By contrast, humans “learn from very few examples, can do very long-term planning, and are capable of forming abstract models of a situation and [manipulating] these models to achieve extreme generalization.”
Even simple human behaviors are laborious to teach to a deep learning algorithm. ...
...How can we overcome the limitations of deep learning and proceed toward general artificial intelligence? Chollet’s initial plan of attack involves using “super-human pattern recognition, like deep learning, to augment explicit search and formal systems,” starting with the field of mathematical proofs. Automated Theorem Provers (ATPs) typically use brute force search and quickly hit combinatorial explosions in practical use.

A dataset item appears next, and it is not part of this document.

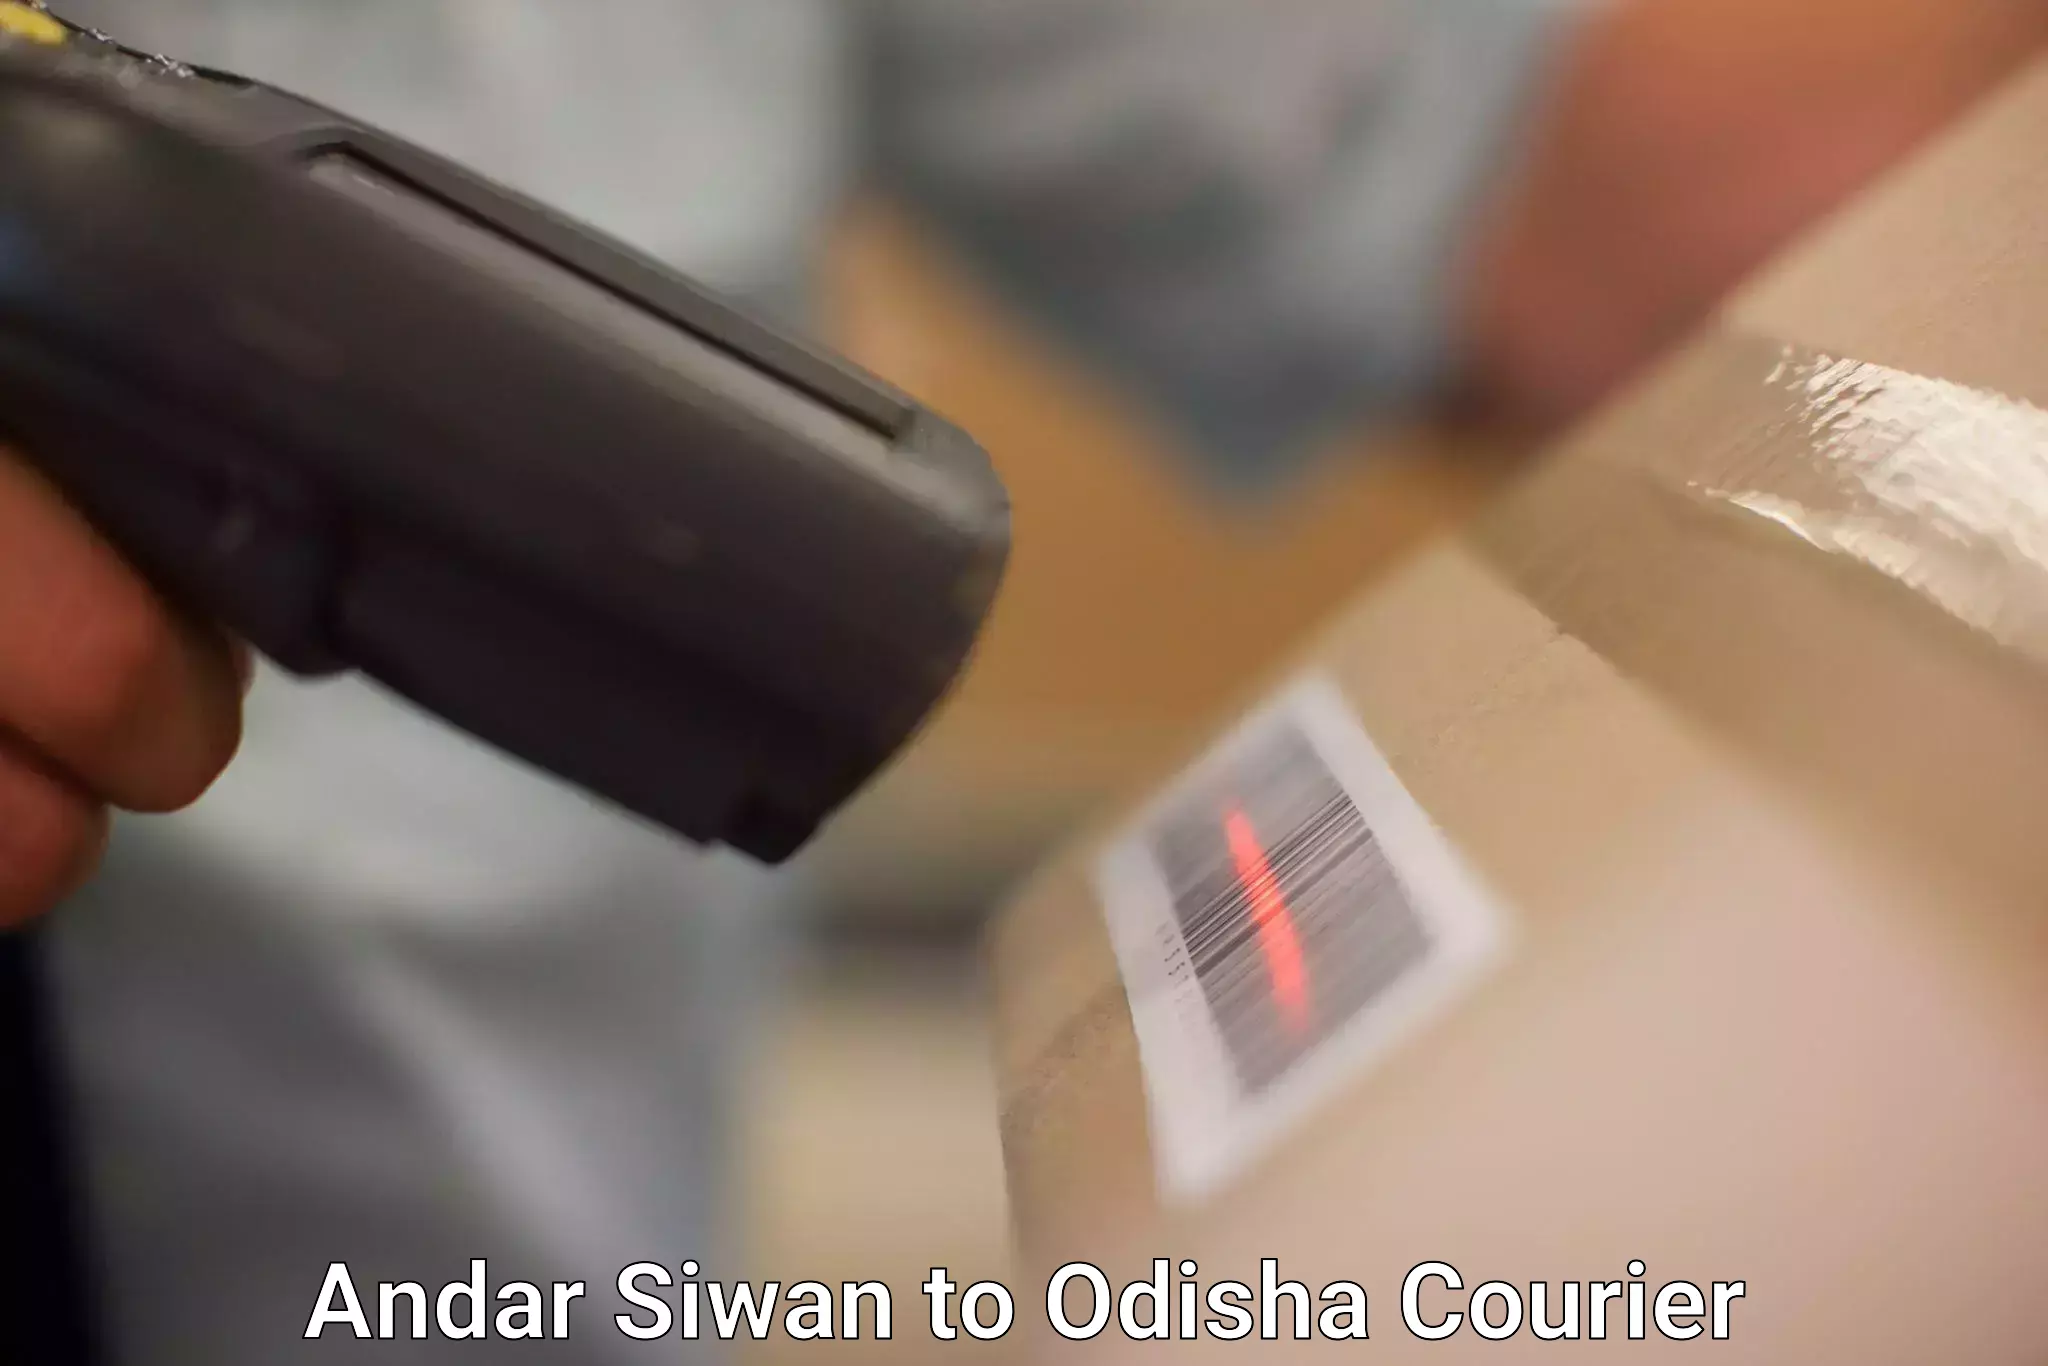 Easy return solutions Andar Siwan to Odisha

In the DeepMath project, Chollet and his colleagues used deep learning to assist the proof search process, simulating a mathematician’s intuitions about what lemmas (a subsidiary or intermediate theorem in an argument or proof) might be relevant.
...Geoffrey Hinton, widely called the “father of deep learning” wants to replace neurons in neural networks with “capsules” that he believes more accurately reflect the cortical structure in the human mind. “Evolution must have found an efficient way to adapt features that are early in a sensory pathway so that they are more helpful to features that are several stages later in the pathway,” Hinton explains. He hopes that capsule-based neural network architectures will be more resistant to the adversarial attacks that Goodfellow illuminated above.
Perhaps all of these approaches to overcoming the limits of deep learning have truth value. Perhaps none of them do. Only time and continued investment in AI research will tell.